Так Secret Chiefs 3 играли песню «Vajra» в начале этого года
- — Учитывая, какой диапазон разных стилей вы покрываете в SC3, можно ли сделать вывод, что вы не только музыкант, но еще и активный слушатель? Нужно же откуда-то брать все это.
— Знаете, в последние лет 10–15 я мало слушаю музыки. Когда-то все было иначе, и у меня даже сохранилась довольно мощная коллекция дисков и пластинок, которая, наверное, может дать представление о том, каковы были мои музыкальные интересы, когда мне было 20 или 25 лет. Но сейчас я давно перестал следить за тем, что происходит вокруг; я слушаю музыку из сугубо развлекательных побуждений, а не в рабочих целях.
- — Но что это за музыка? Вас может, например, зацепить обыкновенная поп-песня, которую вы услышали по радио в машине?

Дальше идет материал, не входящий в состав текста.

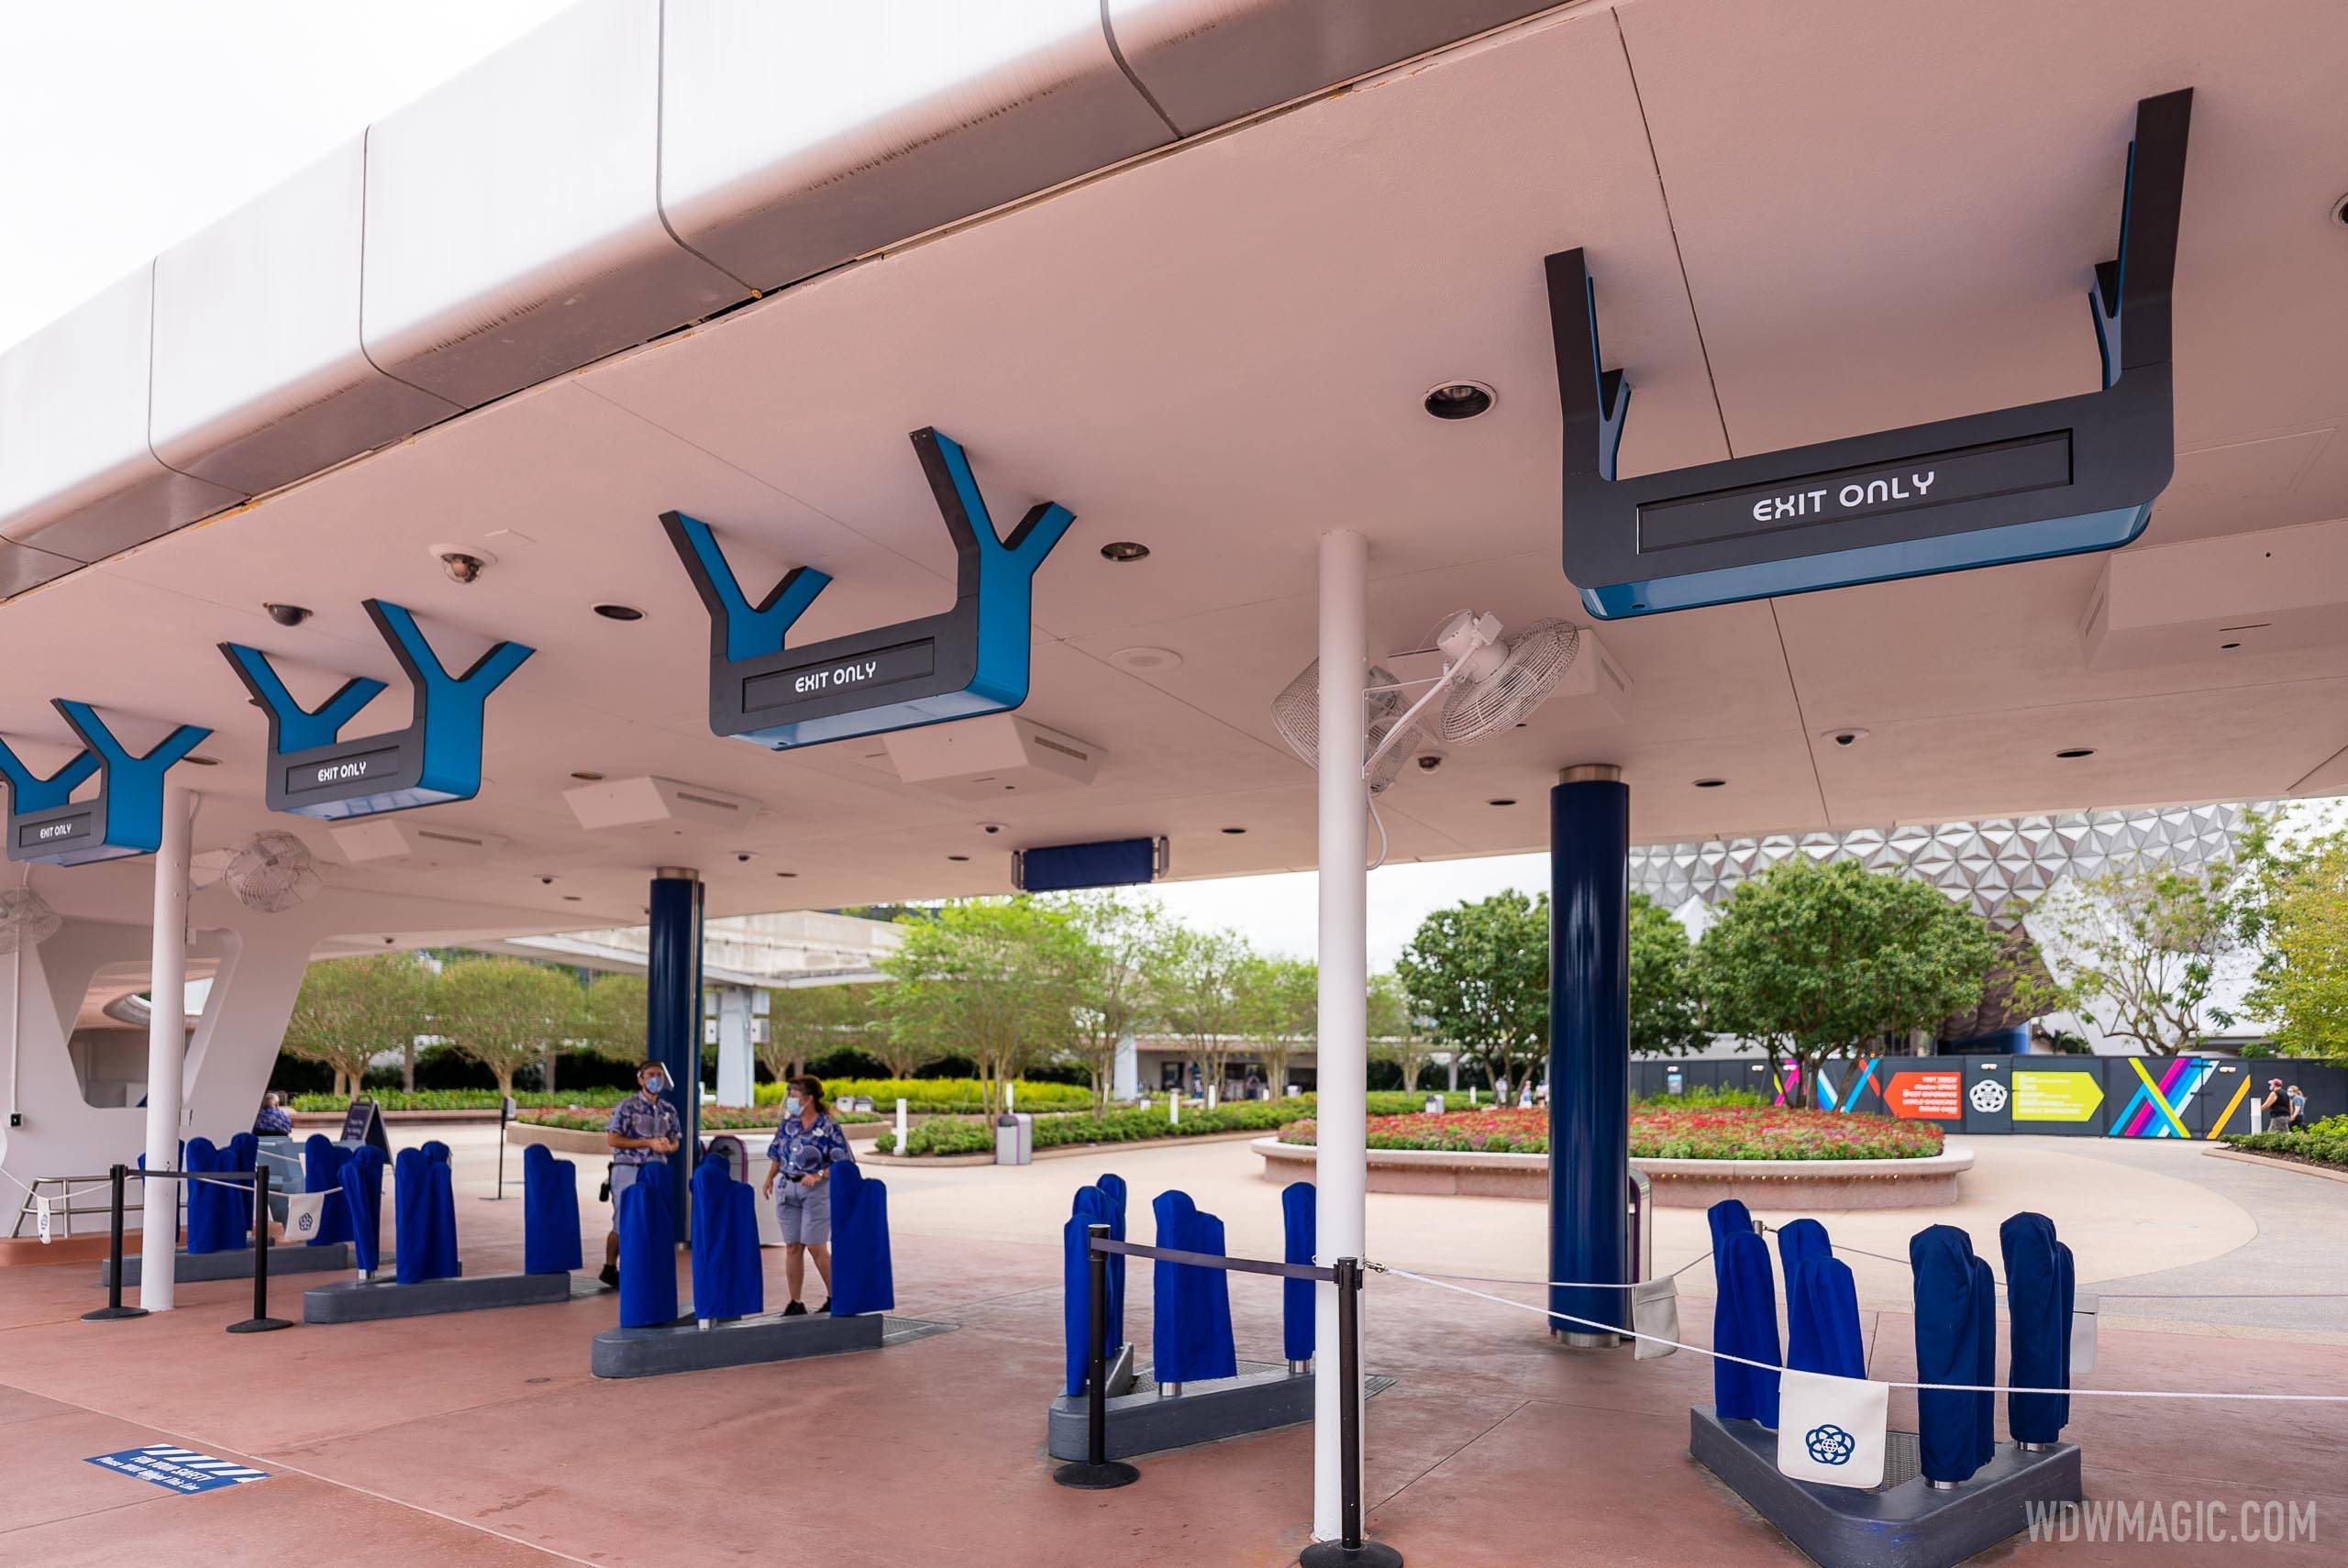 PHOTOS - More of EPCOT's new signage and blue accents

— О, конечно, сплошь и рядом! Есть такая группа — дико популярная в России, насколько я знаю, а здесь, в США, никто о ней даже не слышал. Называется Modern Talking. Я их большой поклонник! Правда, к текстам это не относится, они по-английски звучат довольно таинственно, чтобы не сказать бессмысленно.
- — Ничего себе! А откуда вы узнали о Modern Talking, если в США о них никто не слышал?
— Вы не представляете, сколько всего можно было найти в американских музыкальных лавках в те годы. Некоторые из них, кстати, существуют до сих пор, но в целом это, конечно, уже не то. В Тусоне, Аризона, был потрясающий магазин PDQ, пожалуй, крупнейший из всех, в которых я бывал. Достаточно было зайти к ним в импортную секцию — и все, в твоем кошельке не оставалось ни копейки. Причем диски были дико дешевыми — доллара по три, что ли. Я никогда не покупал новые альбомы за полную цену — в комиссионных можно было найти куда больше интересной музыки по дешевке. Сейчас, конечно, некоторые пластинки стоят баснословных денег, и это довольно возмутительно.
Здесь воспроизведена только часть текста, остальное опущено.